U.S. markets avoided their first 3-session losing streak of the year, for the most part, after rallying into the closing bell to finish slightly higher on Friday.
Much of the nervousness was attributed to trade talk concerns as the White House confirmed that Presidents Trump and Xi will not meet before the March 1st deadline for tariff action.
If the U.S. and Chinese negotiators can’t come to a new agreement, the U.S. is expected to raise import taxes from 10% to 25% for $200 billion in Chinese goods.
Despite the concerns, the Dow and Nasdaq were able to extended their winning streak to 7-straight weeks.
The Nasdaq edged up 0.1% following the late day run to 7,299.
Lower resistance from earlier this month at 7,300-7,350 held with a move above the latter getting 7,400-7,450 and the 200-day moving average back in play.
The Russell 2000 climbed 0.1% despite falling below 1,500 but a level that held for the 2nd-straight session.

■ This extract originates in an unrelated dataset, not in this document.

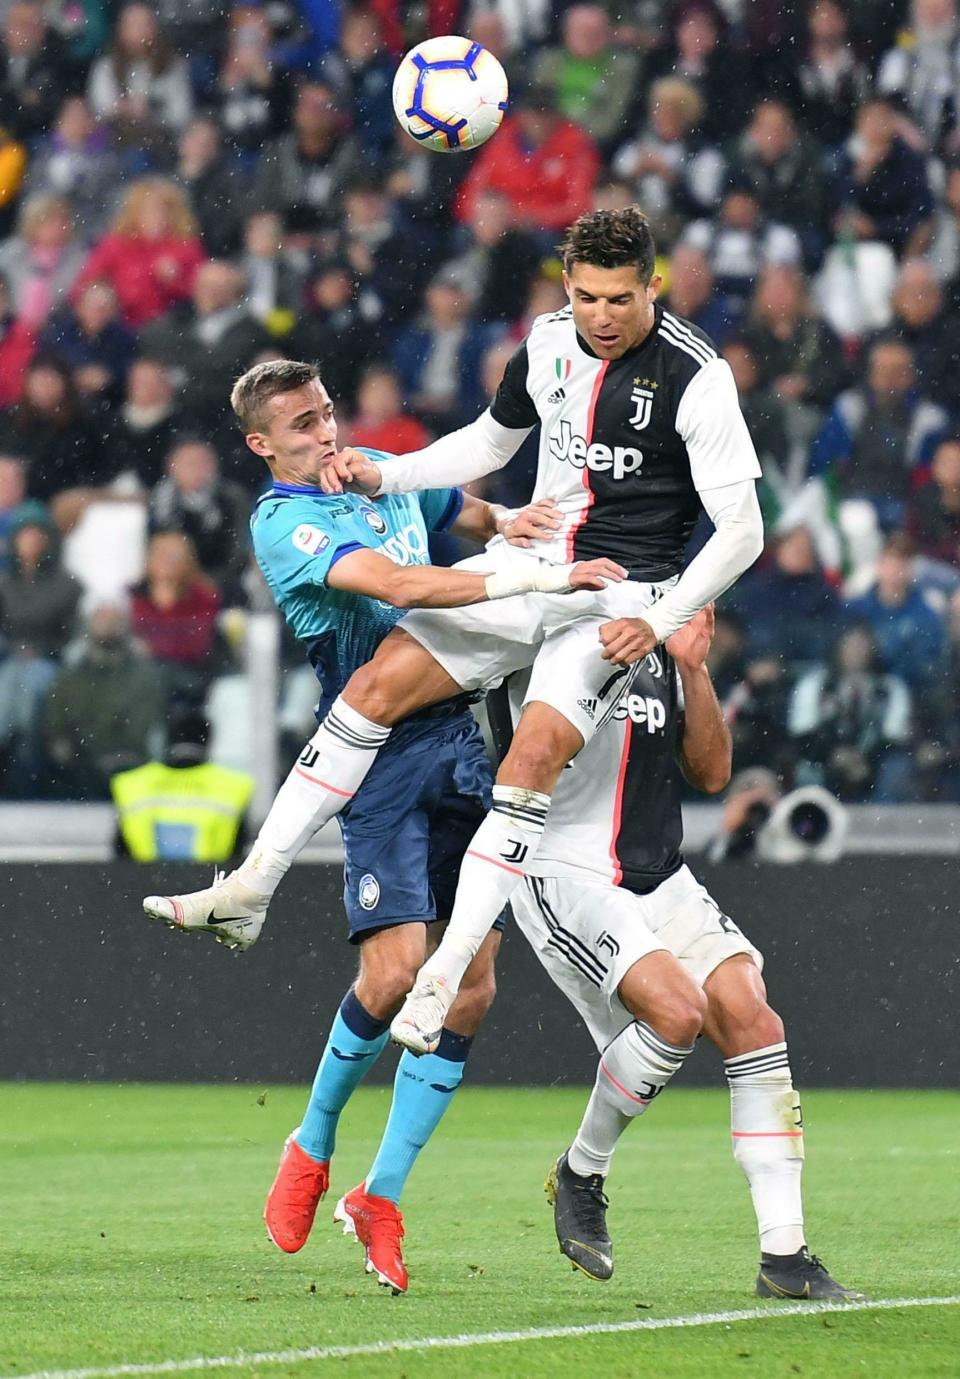 Juventus FC's Cristiano Ronaldo, top right, goes for the ball during a Serie A soccer match against Atalanta BC at the Allianz Stadium in Turin, Italy, Sunday, May 19, 2019. (Alessandro Di Marco/ANSA via AP)

Prior resistance at 1,510-1,520 remains in focus with continued closes above 1,525 signaling a return to higher highs.
For the week, Tech was up 0.5% while the small-caps rose 0.3%.
The S&P 500 also added 0.1% after rebounding 27 points off the intraday low to reach a late session high of 2,708.
Resistance remains at 2,725-2,750 and the 200-day moving average with a move above the latter signaling additional momentum.
The Dow was unable to snap a 2-session slide after testing and intraday low of 24,883.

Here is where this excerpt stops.